As an optimist and a fighter, I have attempted healing from every angle, never accepting the fate of lifelong suffering. I have to believe that my body is made to heal.
While this isn’t an exhaustive list— I have gone the route of Western medicine, prescription drugs, extensive testing, and imaging. I have changed my diet drastically, tried an incredible amount of functional medicine doctors’ recommended supplements, and have sought emotional healing, doing the deep inner work that inevitably emerges from the grief of losing so much from this sickness.
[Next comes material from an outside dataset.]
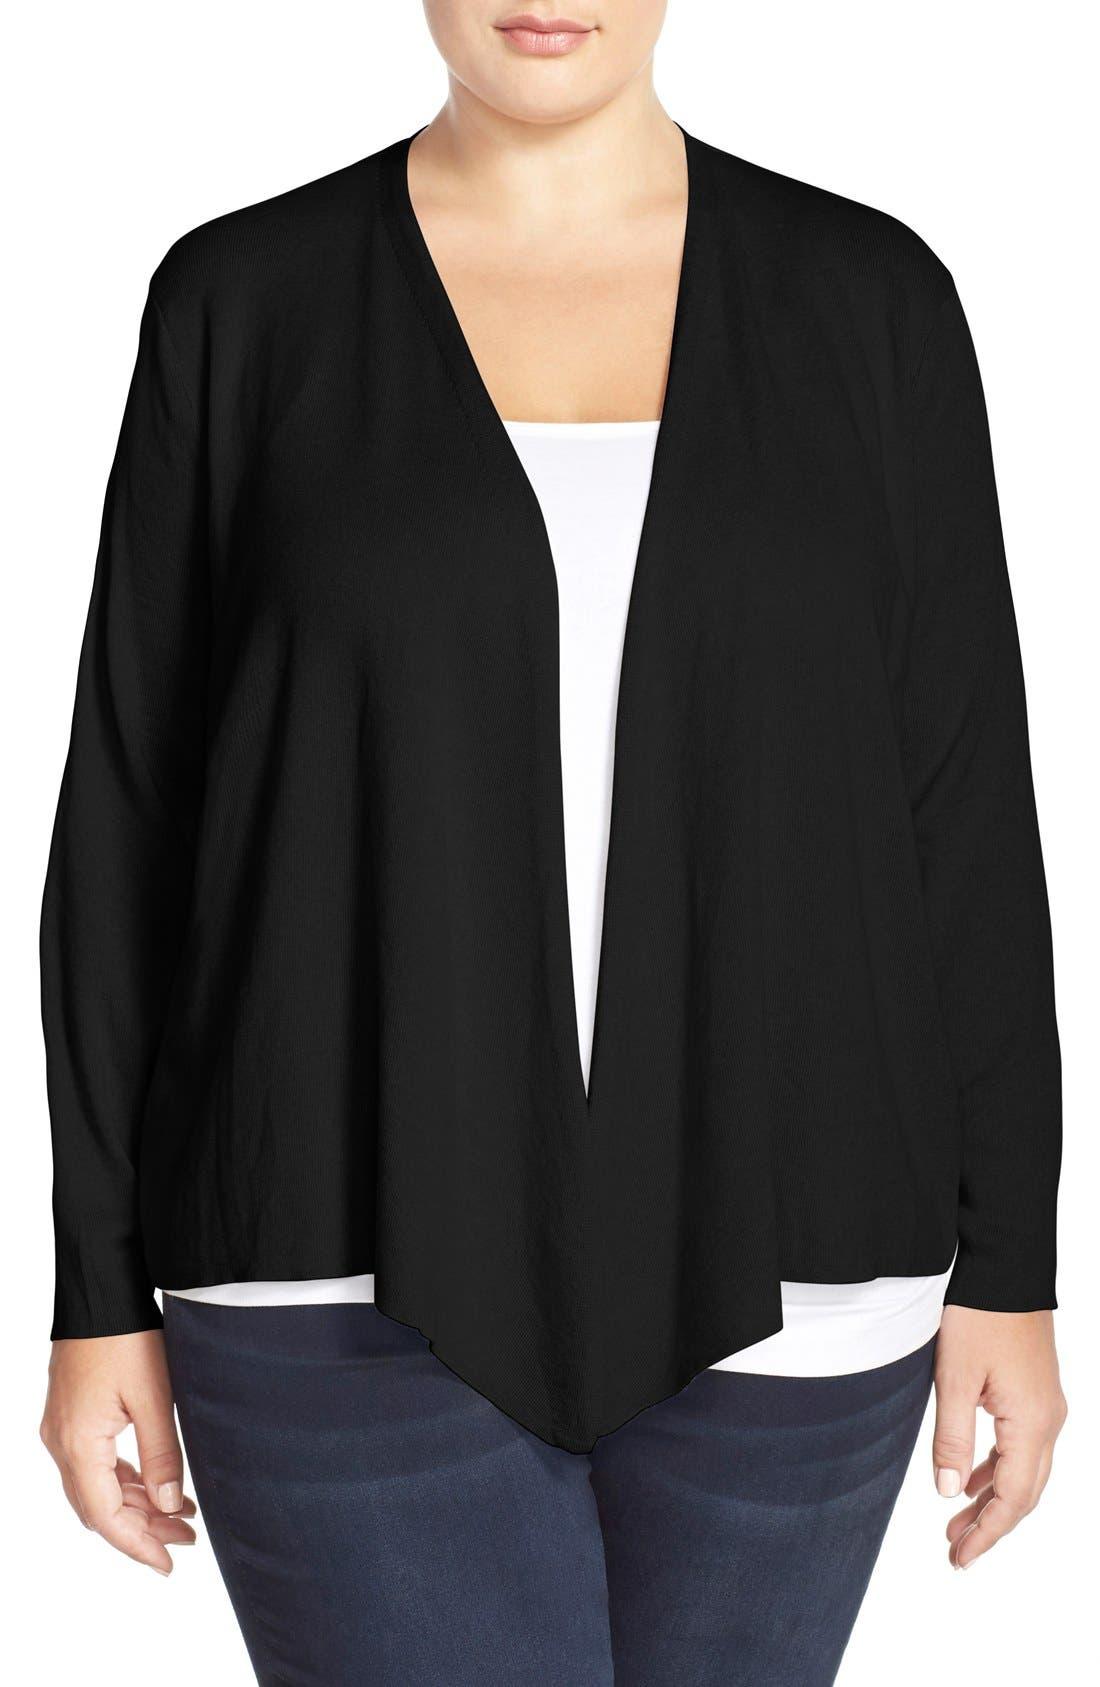 4-Way Convertible Cardigan,                         Main,                         color, Black Onyx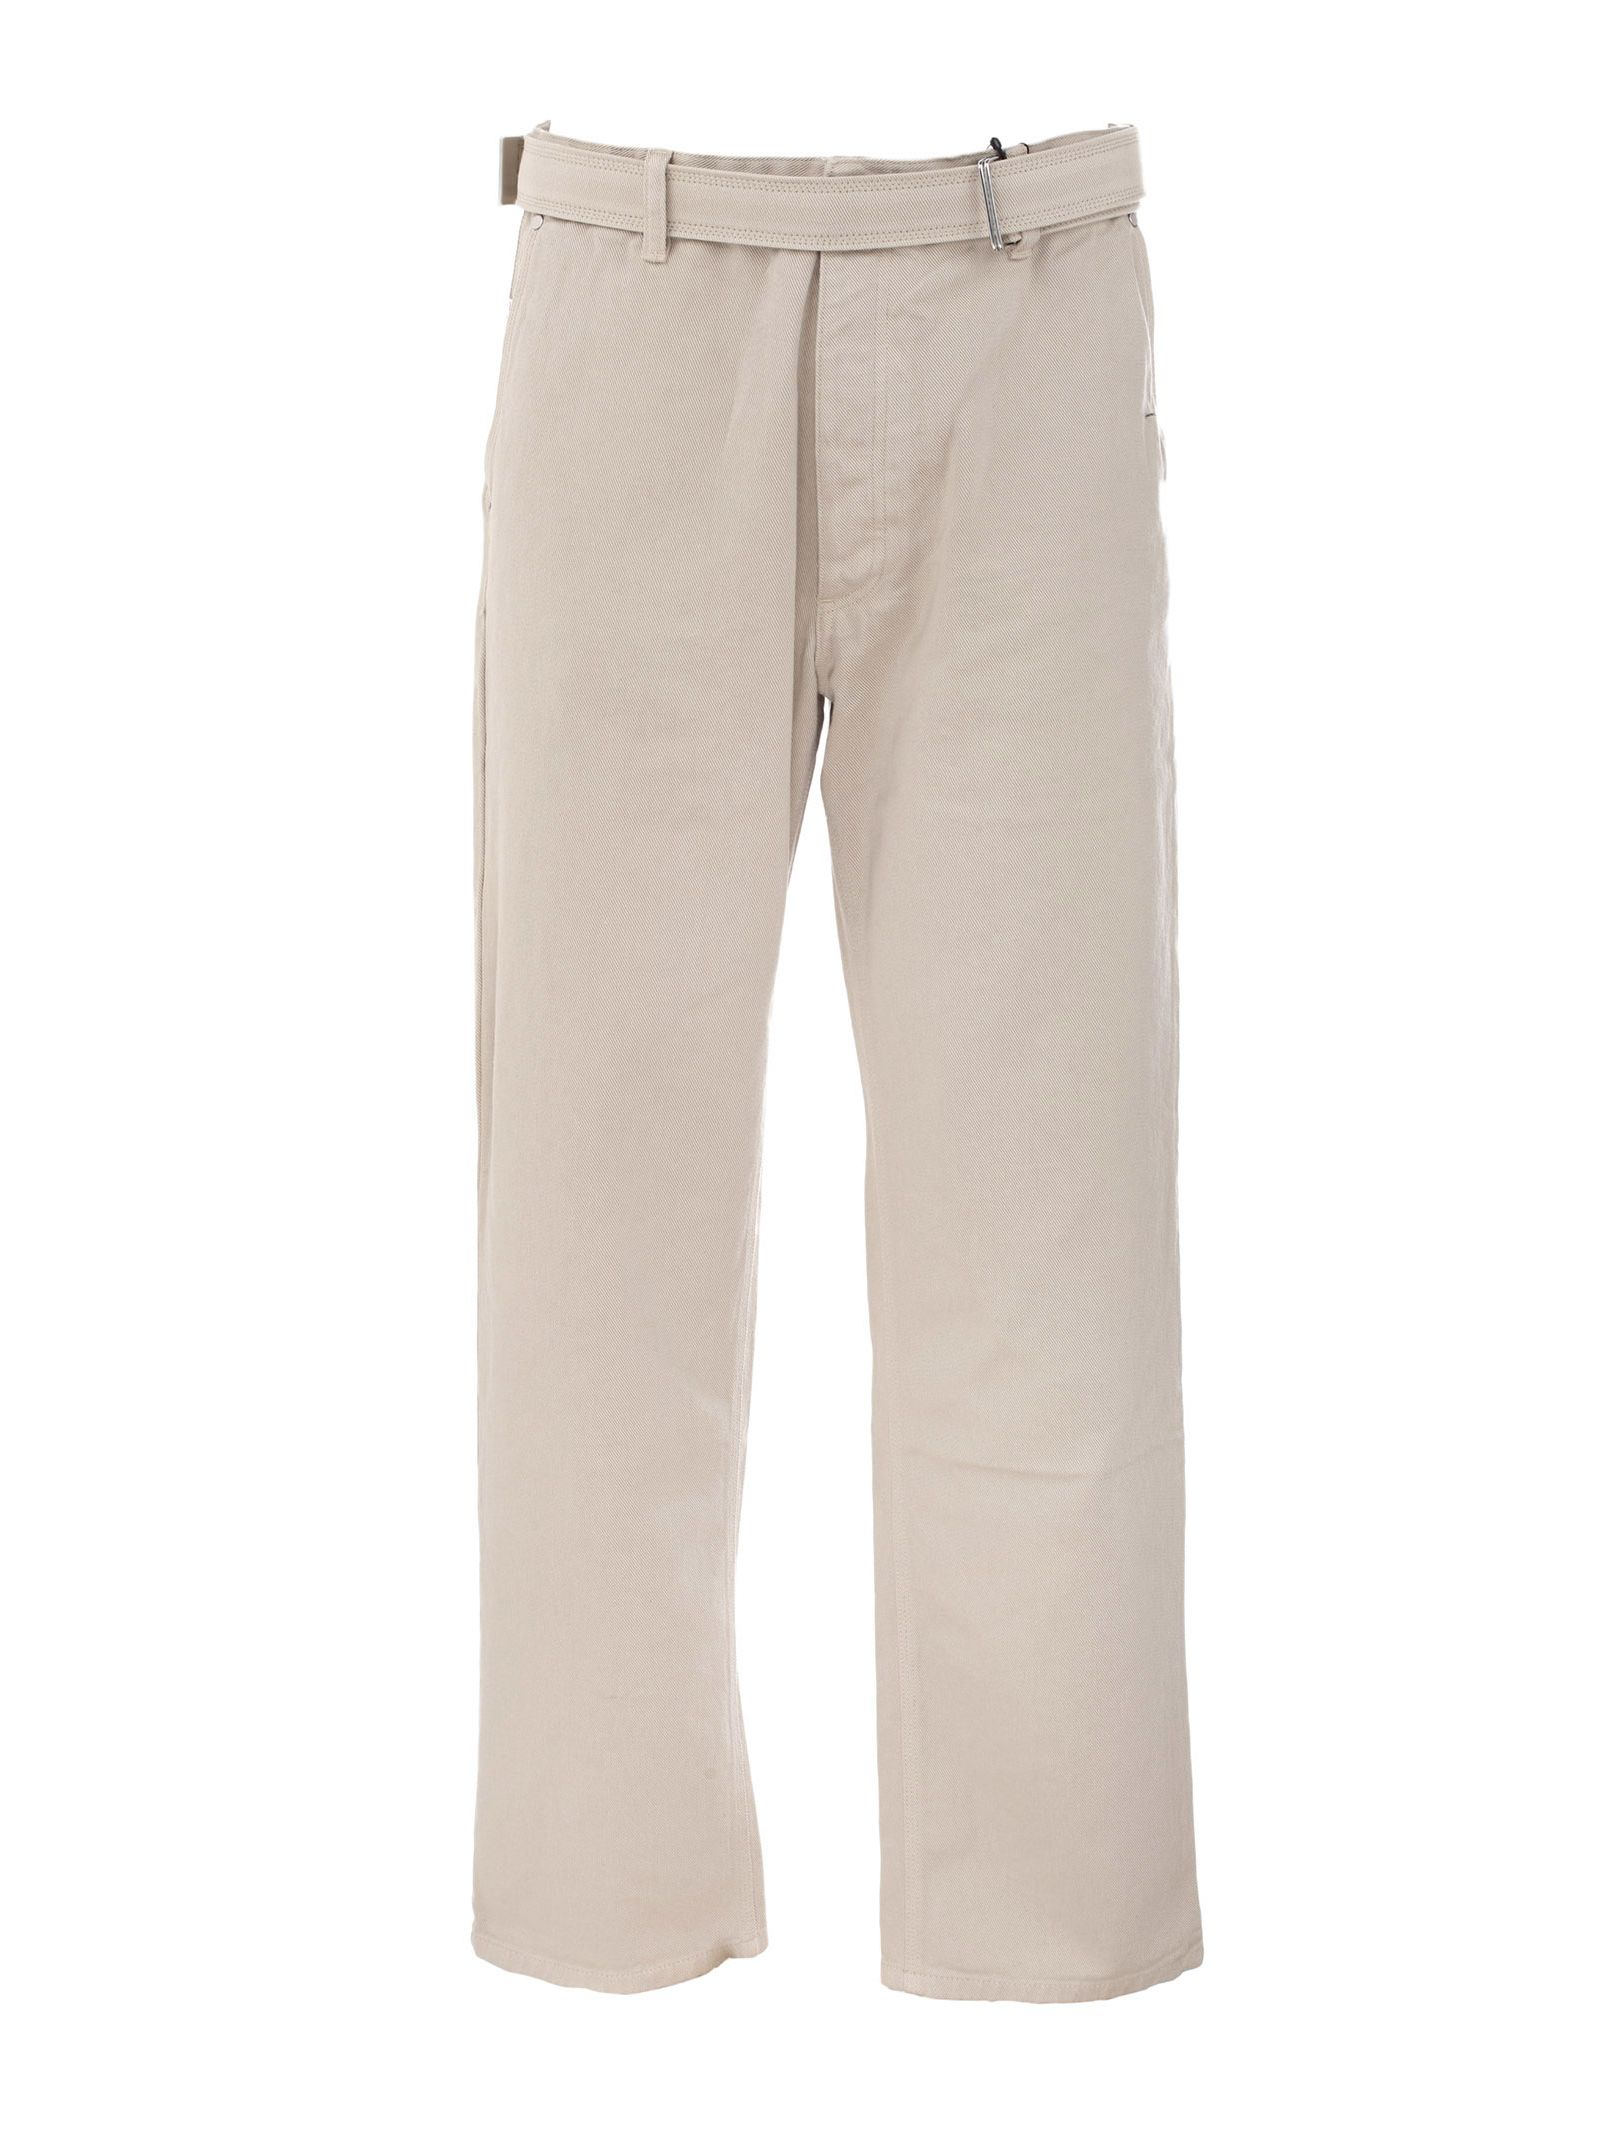 Ami fit jeans - Nude & Neutrals Ami OcRjgIJxq0

I do believe the body is inextricably connected to the psyche, heart, and spirit—and that feels especially true now in my journey, where doctors are befuddled and can only offer what even they call “bandaids.”
While it’s been absolute hell at times to experience dysfunction in my body every day without exception, I can say this journey has led me to incredible depths with God and in relationships—especially with myself. For that growth, I can genuinely say I am grateful.
Still, I am deeply in a place of need, and it is finally time to share this openly and invite you in a bit closer for support.
I have the opportunity to work one-on-one with a specialist for four months of personalized medical care that also encompasses psychological, and emotional support—a holistic reset for my gut, damaged pelvic floor, and nervous system. This costs $8,000, plus travel and lodging expenses, as they are out of state. So this is the point where I am honestly inviting any and all help.
If you’re able to give, financial support is most needed and every dollar counts—whether it’s $5, $50, or $500. I am just so grateful for any support in getting to this specialist.
If giving financially isn’t possible for you right now, prayers, loving thoughts, or even sharing this with someone who might be able to help would mean the world to me.
Thank you for taking the time to hear my journey. And thank you from the bottom of my heart for seeing me and for any way you feel moved to help.